必ず指揮者がいて、2人のうち1人が確認する役目だというのは、なかなか適用できないという場面があるかもしれないけれども、これだけはだめだとはっきり言う。ブランコ作業というのは、これが指揮者の安全確認が最後の砦、ヒューズ構造になっているのだよというのをきちんと押さえたら、人間の待機冗長系の決定的な役目、俺が後ろに待っている、目の黒い俺が待っているのだからということになって、本当の多重系が常にあって、安全がこれに支えられるのではないかなと思う。

何かあったときでも、事故というのはこうやって防ぐのだということの最後の守り役は、指揮者の責任感ではないかなと思うのです。それがないと、どうしても業務上過失に対する言い訳が立たない。これはインジュリーで、It was an accident、アクシデントですよとなかなか言えなくなってしまうなと思って心配しております。

論議を吹っかけているのだけれども、どうですか。

 では、「4 おわりに」になりますが、これは前回と同じように「一定の結論を得た」と記載されておりますけれども、本日の議論を踏まえる方向で取りまとめることとしておりますが、いかがでしょうか。16ページになります。これでうまくまとまったということは。

○西田委員 きょう、宿題みたいになっているのは、5ページの「身体を支えているロープを2系統確保すれば、1系統に不具合が生じたとしても、残る1系統により身体の保持を確保することができる」という文章を変更するというところが宿題みたいになってしまっているということですか。

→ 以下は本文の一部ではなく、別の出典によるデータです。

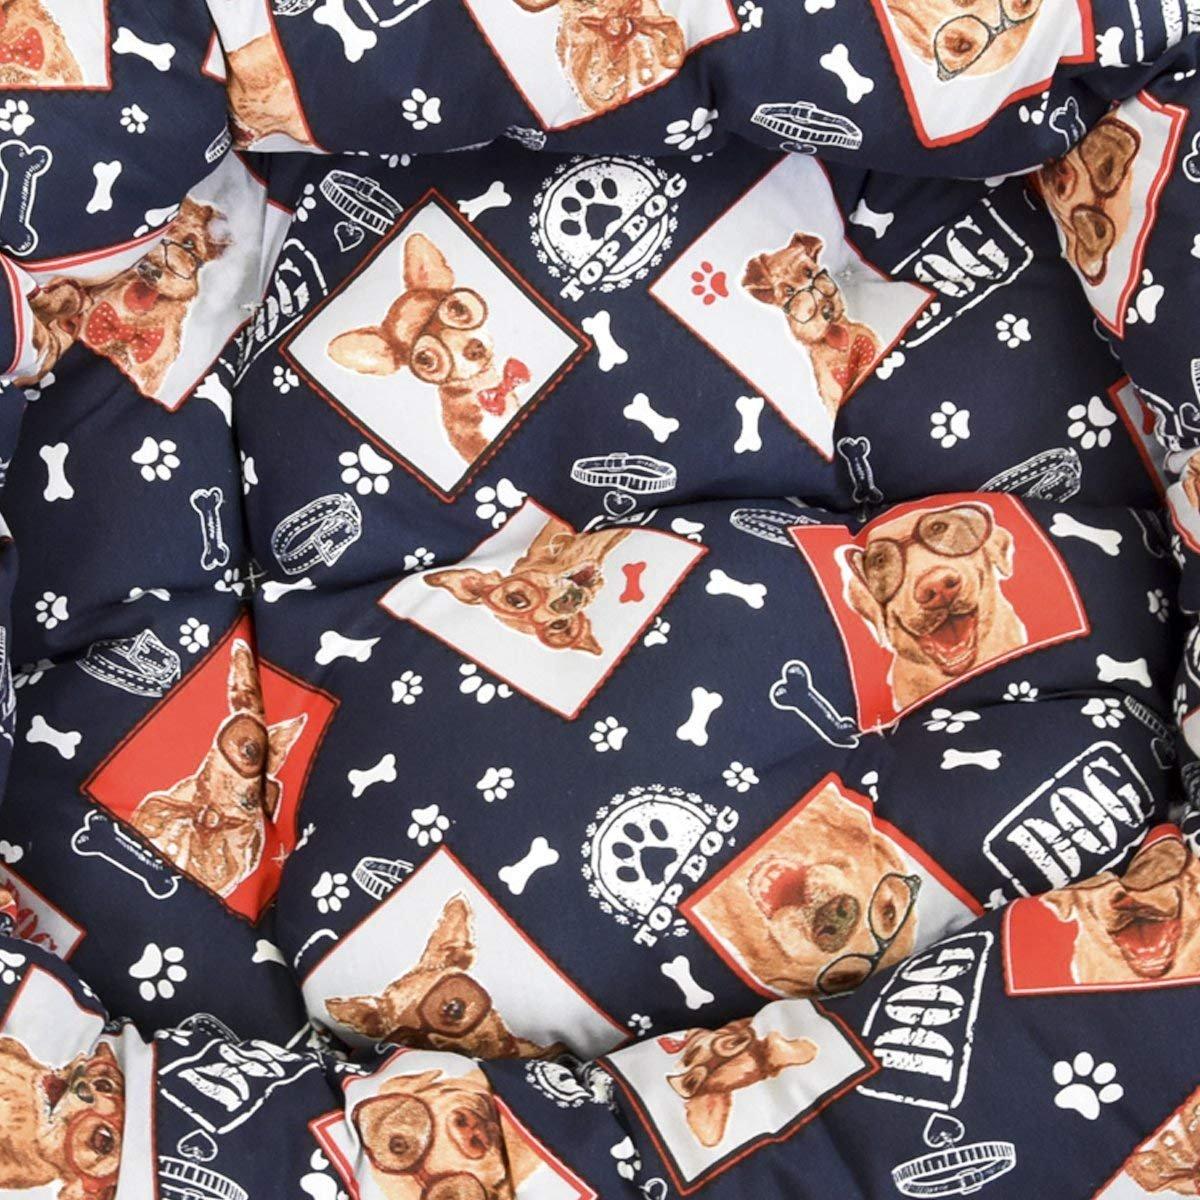 Cisne 2013, S.L. ¡Oferta Cama para Perro y Gato Perros Gafas E 60 * 45cm.: Amazon.es: Hogar
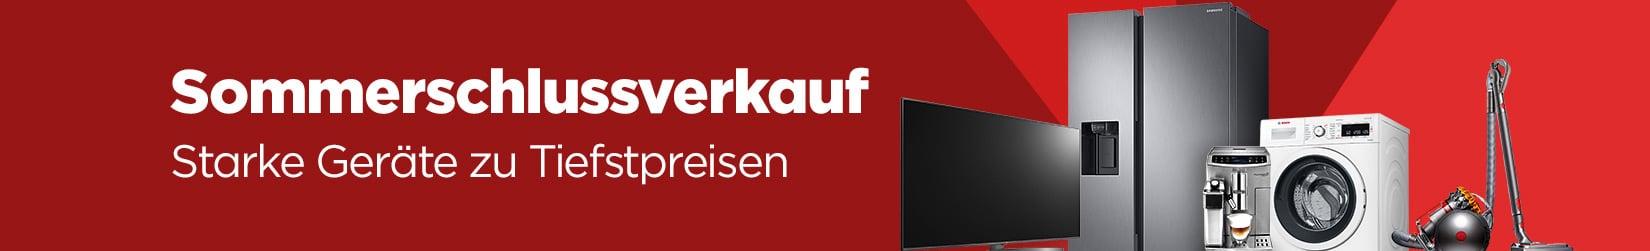 Unschlagbare Deals und Angebote für Haushaltsgeräte   ao.de

○事務局 今、お伺いした中であったのは、今、西田委員がおっしゃった、3の(1)の「ア 安全対策の多重化」の中の記載を修正するという点。それから石原委員から御指摘いただいた12ページの「ロープの切断防止措置」の「置き型養生材」「巻き付け型養生材」となっているところを「の例」というふうに修正をかける。その2点だと認識しておりますけれども、それでよろしいですか。

○西田委員 はい。僕もそのように理解しています。

では、それは後日メールか何かで御連絡いただいてという格好になるのですか。

○事務局 修正して、最終的にはどういう形でまとめるかということになろうかと思います。修正しまして、またメールで皆様方にも御確認いただく。微修正でございますので、お忙しい皆様にあえて集まっていただかなくてもよろしいということであれば、座長とも相談しながら修正をさせていただいて、皆様方にメールで御報告させていただくということでよろしいでしょうか。

○西田委員 それがよいと思います。

○杉本座長 そういうことで、意見を皆さんにいただいたということで、残りの仕事をお願いいたします。

以上で報告書(案)を一通り検討いたしました。

本日の議論で御意見等が出て、修正する部分がありますが、御多忙中の皆さんに再度集まっていただくことではないと思いますので、もしよければ、事務局で修正したものを座長が確認して、皆さんにメールで御連絡するということで御了解をいただければと思います。

 それでは、これで事務局に戻していいですか。

○事務局 はい。

○杉本座長 では、よろしくお願いいたします。

○事務局 最後になりますので、事務局を代表いたしまして安全対策指導業務分析官の一瀬から一言御挨拶を申し上げます。

○一瀬安全対策指導業務分析官 昨年の10月から4回にわたりまして、お忙しい中を検討会に御参加いただき、熱心に御検討いただきましてありがとうございました。

 若干報告書の修正がございますけれども、この報告書を踏まえまして省令の改正の作業を進めてまいりたいと思います。

また、法令だけでなくて、それ以外の部分でも御提言をいただいておりますので、関係する団体などとも連携しながら対策を進めていきたいと思っております。

報告書にもありますように、ブランコ作業では6年間でビルメンテナンス、建設業合わせて27名の方が亡くなって、非常に大きな課題でございますので、着実に対策を進めてまいりたいと思います。

半年近くにわたりまして御検討いただきました。改めてお礼を申し上げまして、挨拶とさせていただきます。ありがとうございました。

○事務局 それでは、以上をもちまして終了したいと思います。

○杉本座長 どうもお疲れさまでした。御協力ありがとうございました。